東京外国語大学の総合科目「生涯学習論」を受講している学生のフォーラムです。生涯学習の理論と実践に関心のある方なら誰でもアクセスできます。

 特定非営利活動促進法、いわゆるNPO法が成立して10年以上経過した。今や4万を超えるNPO団体が多様な分野で活躍し、老若多数のボランティア市民が、特に福祉、文化、教育などの公共的領域を支えている。
 だからこそ気になるのは、NPOやボランティアを「助っ人」・「下請け」扱いする傾向が、いまだに根強いことである。つまり、意思決定、計画など基幹的部分は行政機関や施設が行い、その周辺、末端の実行部隊としてNPOやボランティアが期待されるという構造である。今こそ、意思決定過程への市民参加の促進が課題となっている。
 そのためにも、地方自治体(市町村)の意思決定の中心機関である議会をボランティア活動の場とすることを、検討すべき時ではないだろうか。つまり、議員を無給のボランティア職にすることである。

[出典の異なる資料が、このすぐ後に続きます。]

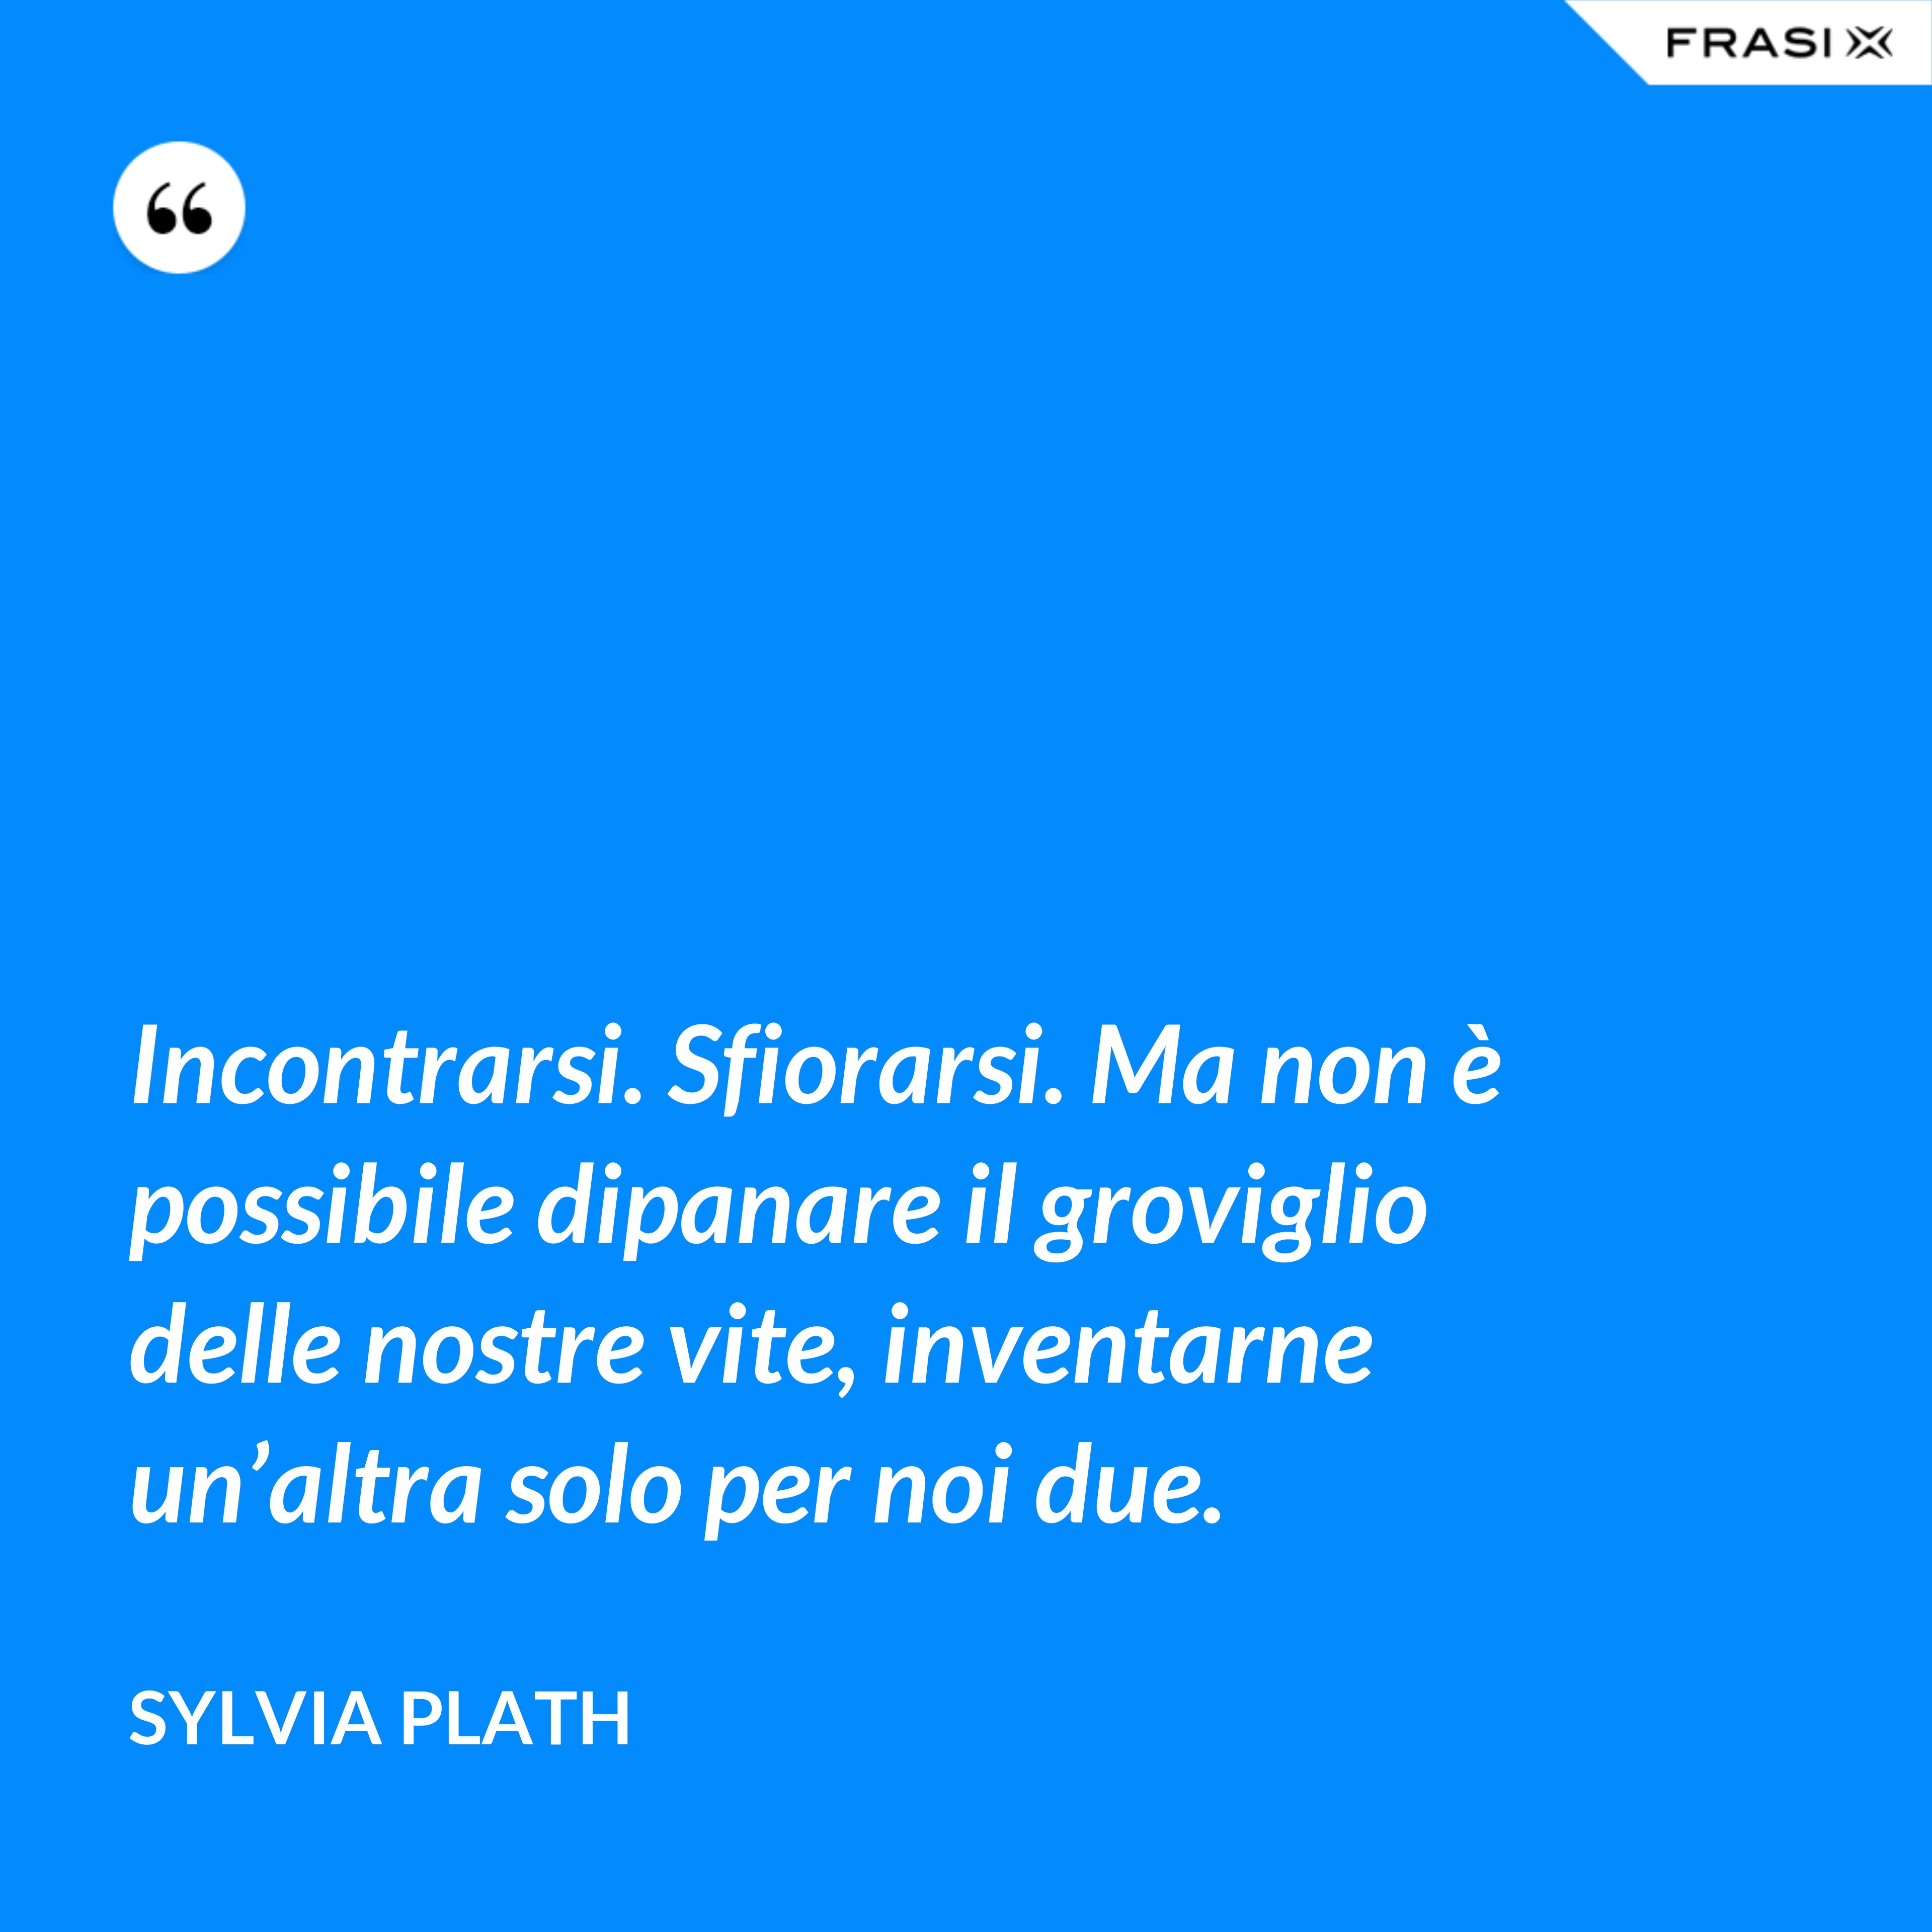 Incontrarsi. Sfiorarsi. Ma non è possibile dipanare il groviglio delle nostre vite, inventarne un’altra solo per noi due. - Sylvia Plath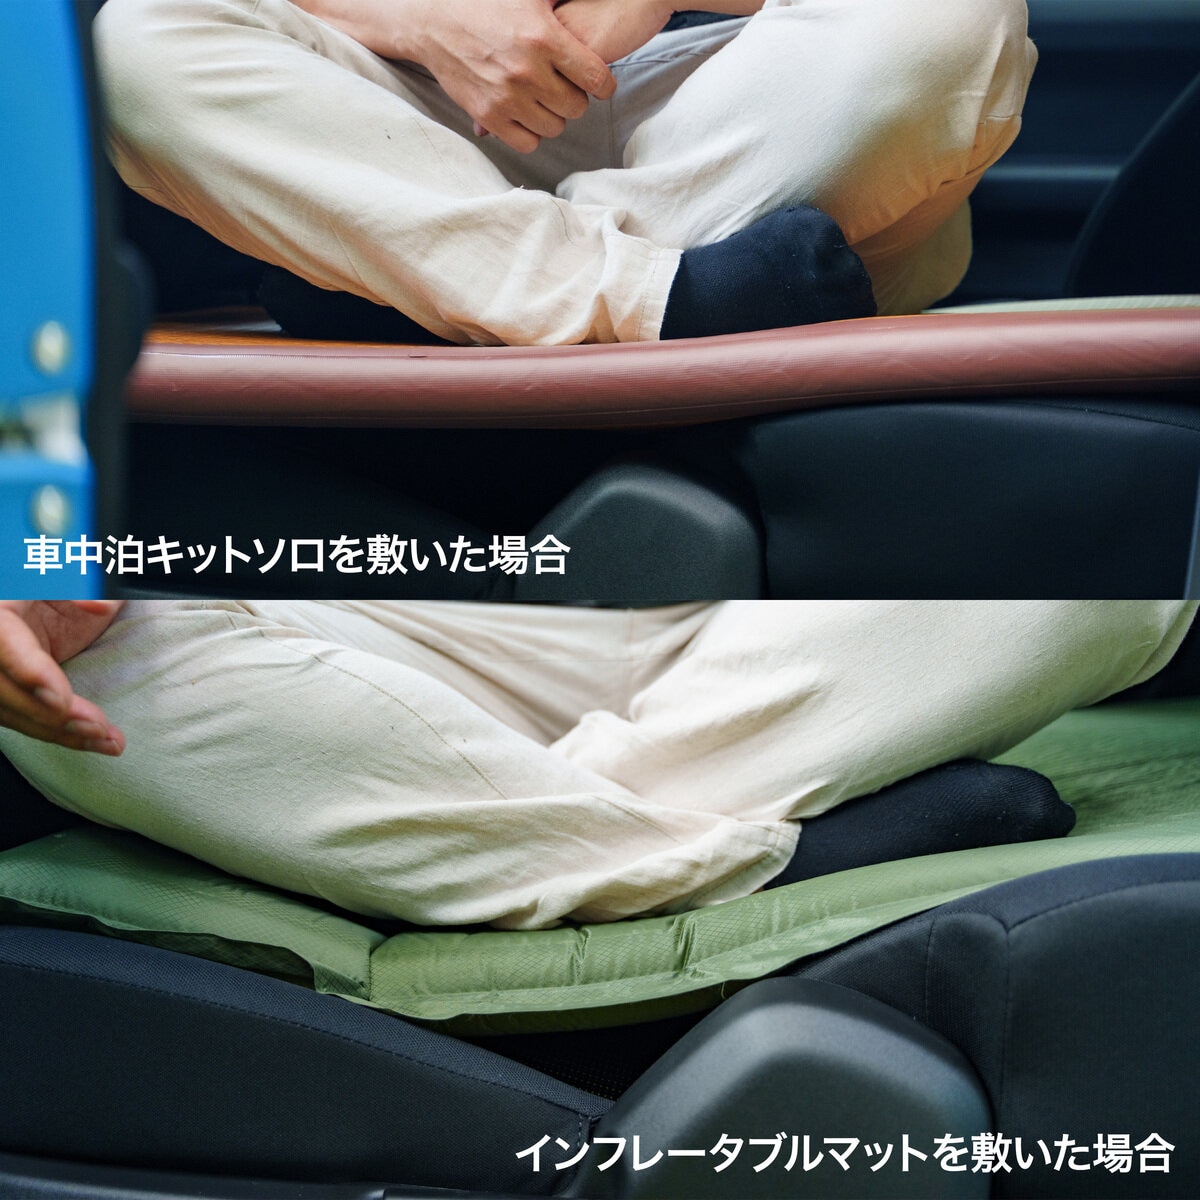 SHINOBI 車中泊エアマット Costco Japan

 これは突飛な提案ではない。欧米諸国では地方議会議員=ボランティアがむしろ当たり前の原則である。例えば、私が研究のフィールドとしているドイツのハンブルク市アルトナ区でも、福祉施設職員、学校教員、自営業者、失業者、学生、主婦、退職者など多様な市民が無給で議員活動を行っている。会議は勤労市民のため夜間開催され、傍聴市民の質問もできる。さらに各専門委員会には議員以外の市民も参加できる。つまり、議会は広く市民活動に開かれ、まさに市民社会を代表する機関となっているのである。そして、このような議会を仲立ちとして、NPOやボランティア市民が行政の対等なパートナーとなり、多くの公益的事業を担っているのである。
 介護ボランティア、防災ボランティア等々のリストの中に、議員ボランティアという項目が加えられた時、日本の市民社会的活動はさらに大きく発展するだろう。